Lafaiet- Segura as pontas aí que eu vou resolver essa questão e logo mas eu apareço- falei pra ele dar uma moral pros convidados.
Bruxo- Que isso irmão deixa essa p***a que eu resolvo ou então nos ver isso amanhã curtir aí o baile, cheio de bucetinhas novas- falou fazendo movimentos de meter com as mãos e eu rir negando.
Lafaiet- Preciso esquentar o sangue fica ai e já ja eu volto- falei dando um tapinha no seu ombro dele e desci do camarote, bebi um pouco do meu Whiskey e dei o copo ainda cheio a uma loirinha gostosa pra c*****o que passava por mim, sair da quadra subir na moto e arrastei pra boca, não comi nem uma cocotinha ainda e já tenho B.O pra resolver que isso em tio, cheguei na boca estacionei a moto e entrei sem falar com ninguém, entrei na sala de tortura puxei uma cadeira e ascendi um cigarro e comecei a fumar olhando pra cara do indivíduo sem dizer uma palavra se quer.
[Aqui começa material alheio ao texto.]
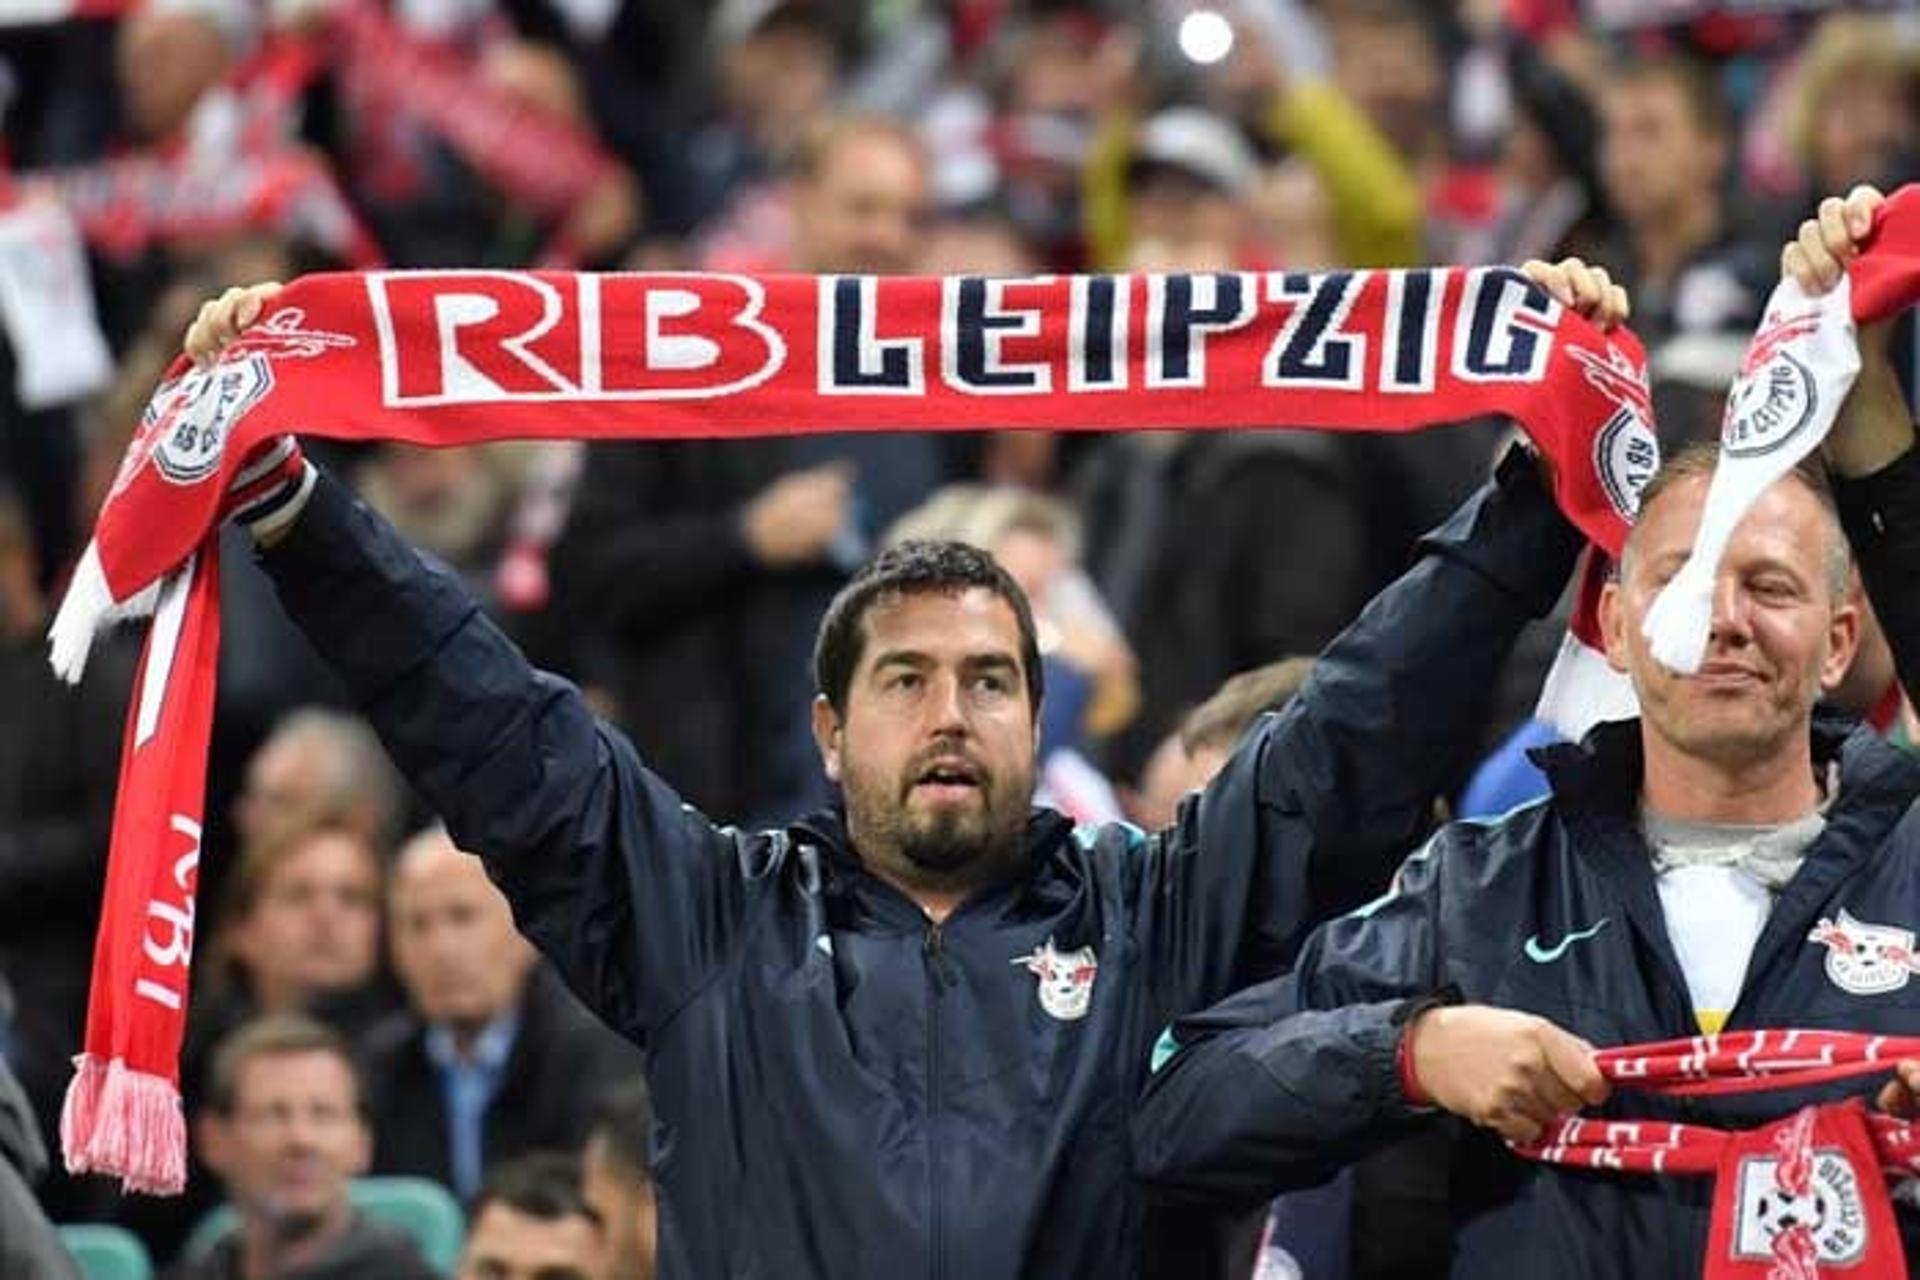 Valeu pela festa da torcida do Leipzig, que pela primeira vez disputa a fase de grupos da Champions League
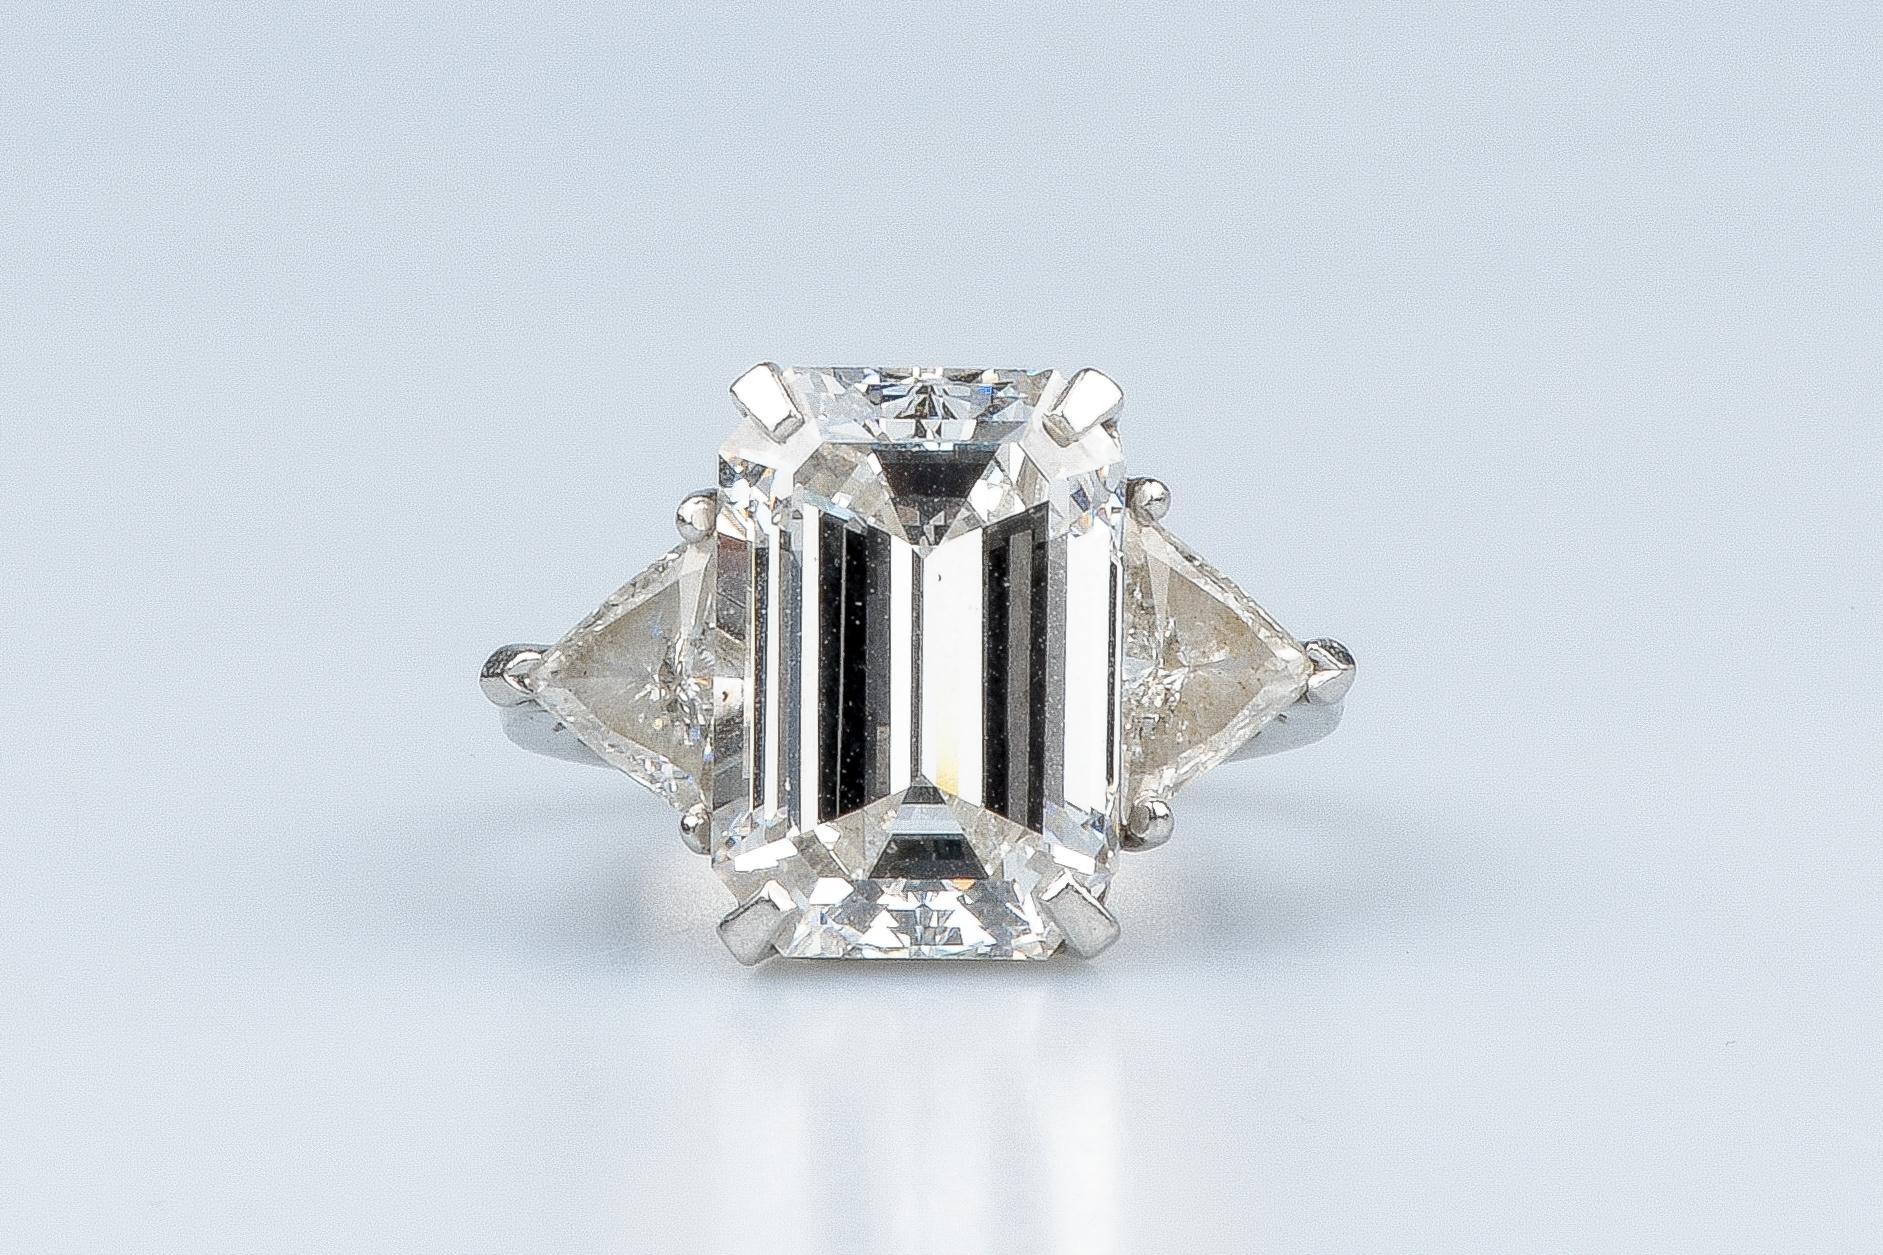 diamant taille emeraude 1 carat

Xxx- Pra que isso irmão vamos conversa, eu posso pagar, diz ai quanto você quer pra me deixa ir, nunca mais piso os pês aqui- falou e eu rir soltando a fumaça pro ar.
Lafaiet- Dinheiro pra mim não é problema fiote, eu quero ver a tua pele sangra- falei apagando o cigarro no seu olho dele, e ele começou a gritar, que escândalo por causa de um cigarrinho, mandei tirar a roupa dele e peguei um cabo de vassoura que estava atras da porta- Ae Guina come o cu dele pra ver se ele vai gostar- falei jogando o cabo de vassoura pro meu cria e ele sorriu maliciosamente, eu criei monstros e não soldados, eu tenho os melhores crias, todos eles agem na maldade e eu amo isso. Os caras tirou a roupa dele e o Guina ficou enfiando o p*u no cu dele, atava nem aí pro os seus gritos implorando por ajuda o cu era dele e não meu, o cara e escandaloso de mais fio, ele tem sorte que hoje estou bonzinho, mandei parar peguei um barrote e comecei a distribuir porrada por todo o corpo dele, quando ele estava todo lavado de sangue joguei o p*u no canto da parede me abaixei na tua frente e o peguei pelo pescoço- a tua sorte e que hoje estou bonzinho, se eu ver você no meu morro de novo vai ser muito pior que isso- falei metendo a cabeça dele no chão o fazendo desmaiar- tirem ele daqui e joguem em qualquer lugar longe do meu morro- falei saindo da sala e entrei na minha fui direto pro banheiro lavei a mão e o rosto troquei de camisa passei perfume e sair, montei na minha moto e voltei pro baile, larguei a moto no mesmo lugar de antes e entrei na quadra e pra minha sorte a mulher que eu havia dado o meu copo passou por mim, mordi os lábios vendo aquele toquinho de vestido e peguei na sua mão e ela olhou pra trás sorrindo então a chamei pro camarote e ela subiu junto com uma amiga pelo menos a minha noite vai valer a pena, e o que eu espero a mina e gostosa pra c*****o e eu nunca tinha visto ela pela aqui, ela tem uma carinha de que faz um boquete maravilho e deve ter um bocetão sorrir malicioso vendo ela dança até o chão com a amiga.